In the absence of core data, the initial models for the reservoir penetrated by a wildcat well were calibrated to published values, resulting in a high degree of uncertainty that affected reserves estimates for the extensively diagenetically altered reservoir. Although production from the formation is primarily related to an extended fracture corridor, lack of measurement of the properties of the low-permeability carbonate matrix from the initial well contributed further uncertainty for development planning.
Coring was conducted in the second well of the field’s appraisal program for cutting 145 1.5-in plug samples for both routine and special core analysis (RCAL and SCAL, respectively). Because the high reservoir pressure at 10,600 psi was not reproducible in the laboratory and a significant number of samples had Klinkenberg-corrected gas permeability values that were too low for laboratory SCAL analysis, CoreFlow digital rock and fluid analytics services were included in the SCAL program. The digital rock focus was on samples with gas permeability values less than 1 mD, which describes 44% of the reservoir. The digital fluids were derived from PVT data to account for reservoir conditions.
CoreFlow services complement and expand on conventional evaluation methods to accelerate reservoir characterization and provide sensitivity studies to reduce uncertainty. The workflow employs DHD direct hydrodynamics pore flow simulation to integrate the digital rock and fluid models. Then pore-scale simulations using high performance computing further expedite feedback for the parameters used in the reservoir simulation, such as relative permeability and capillary pressure.
Digital rock models were built using X-ray microCT data at 2-um resolution and SEM datasets at 500- and 20-nm resolution. Digital fluid models of air and brine, dead oil and brine, and live oil and brine were constructed for multiphase flow modeling, including digital porous plate tests that were performed at reservoir conditions, beyond the laboratory’s pressure limits for experimental studies.

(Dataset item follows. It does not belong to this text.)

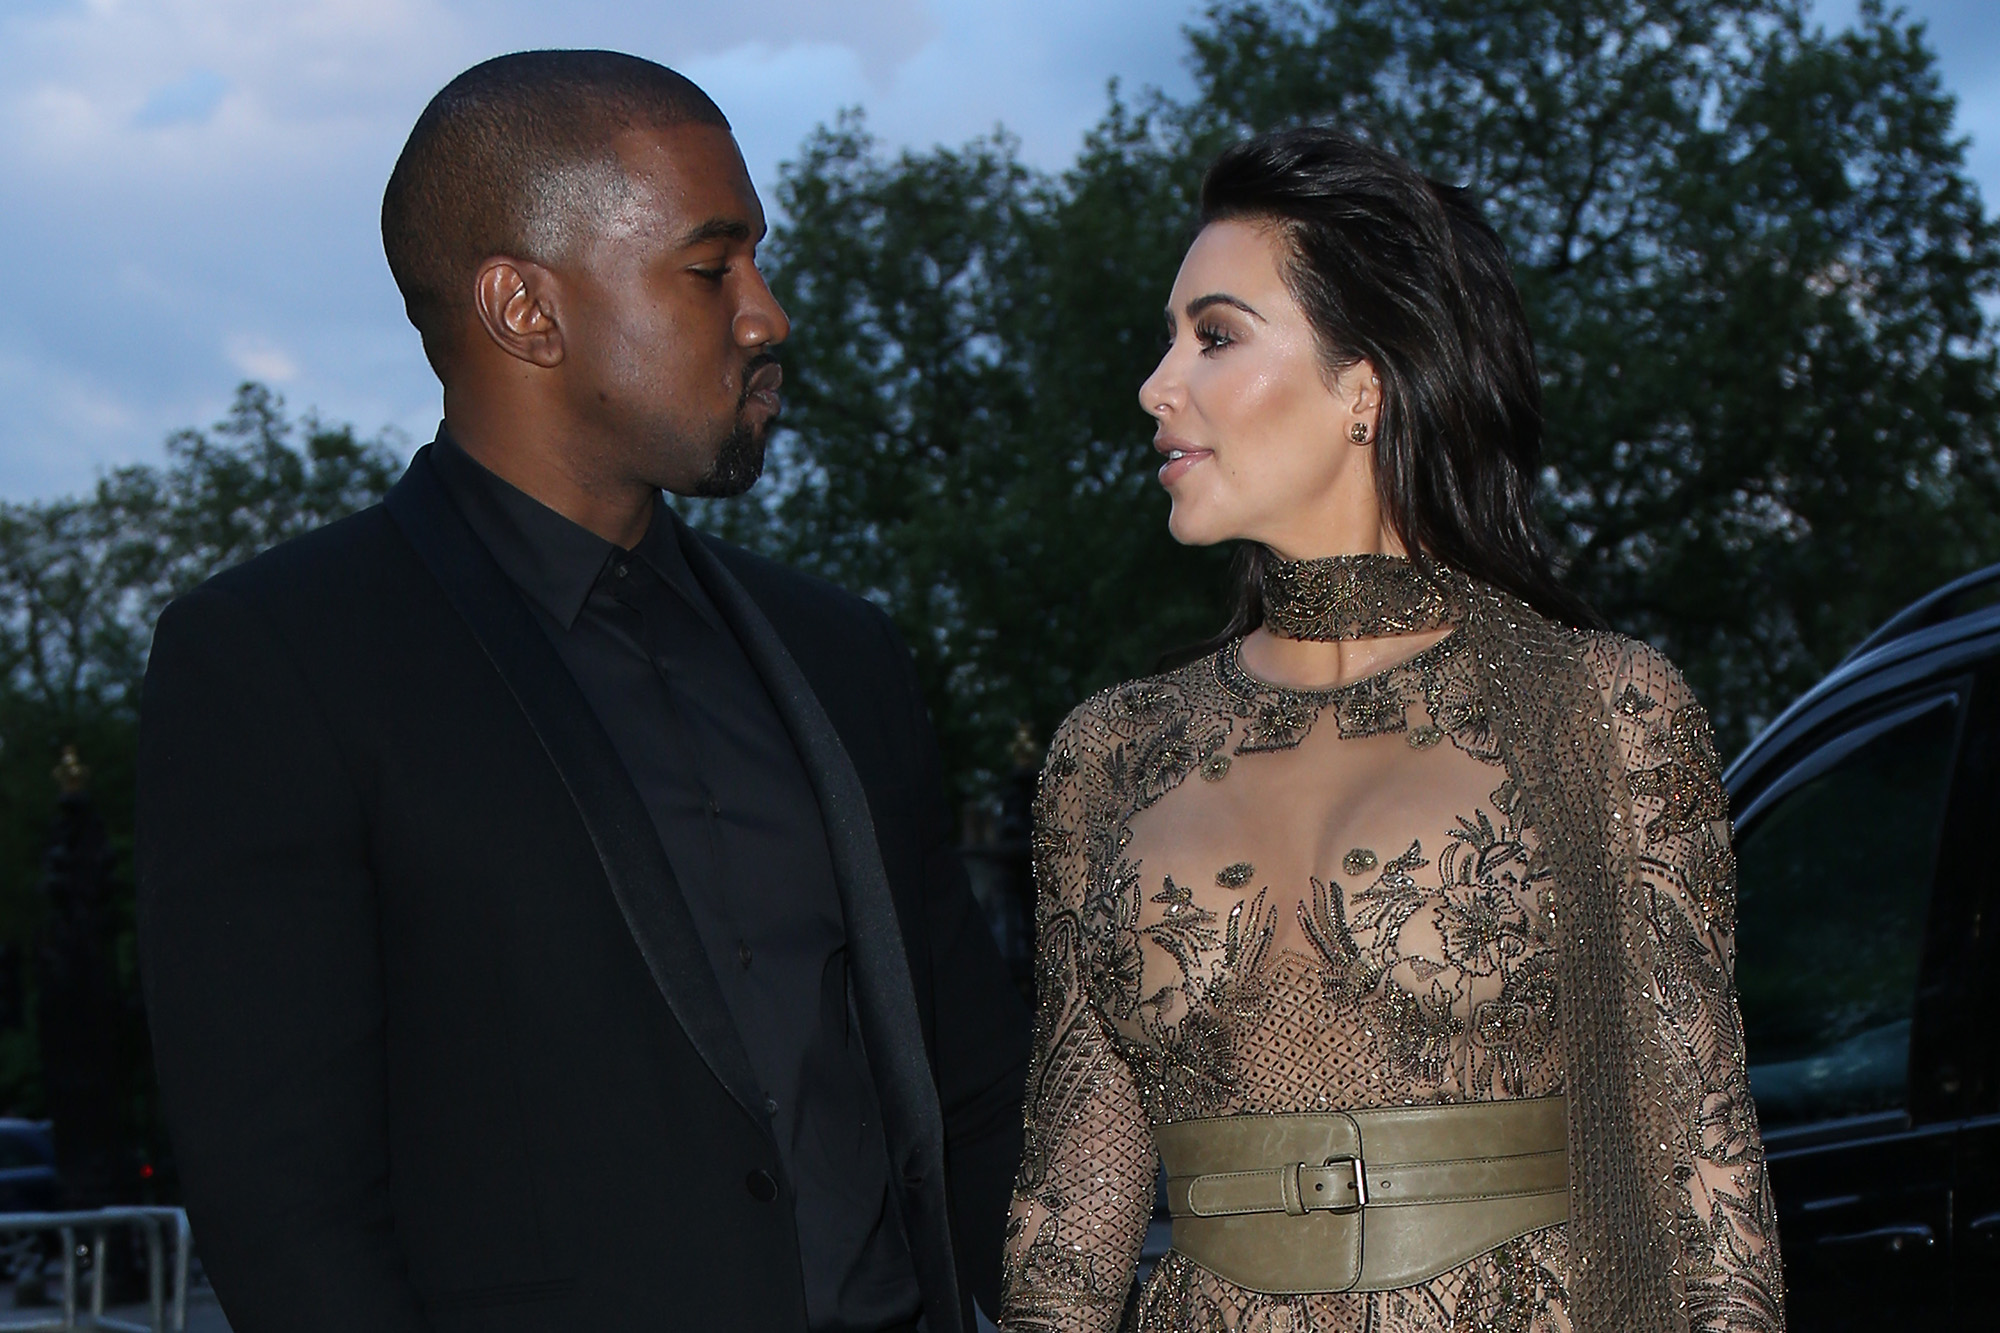 Kim Kardashian West and Kanye West attend the Vogue 100 Gala Dinner at the East Albert Lawn in Kensington Gardens on May 23, 2016 in London, England.  (Photo by Neil Mockford/GC Images) (Neil Mockford&mdash;GC Images)

This combined experimental and digital workflow was a fast, robust approach to obtaining critical data to refine the simulation modeling. Conducting steady-state flow tests with CoreFlow services made it possible to construct relative permeability curves that included estimates of moveable oil for samples representing the low-permeability layers. From this, the functional dependency between reservoir properties and the oil displacement coefficient was determined to distribute reliable property values throughout the reservoir that improved the forecast quality of the hydrodynamic model.
CoreFlow services also enabled early assessment of the need for and effectiveness of primary methods to increase oil recovery. Multiphase filtration modeling on digital core showed a significant decrease in the water-phase permeability krw from 0.3 to 0.05, confirming the low efficiency of reservoir pressure maintenance by the field’s water injection system. The reliability of the digital rock analysis was confirmed by inclusion of krw in the dynamic model, which resulted in a precise history match to production data for a more accurate forecast of the possible start of water breakthrough.
The limitations posed by the low-permeability, high-pressure carbonate reservoir for laboratory analysis were overcome by integrating CoreFlow digital rock and fluid analytics services to quickly provide critical permeability values for resolving model uncertainty.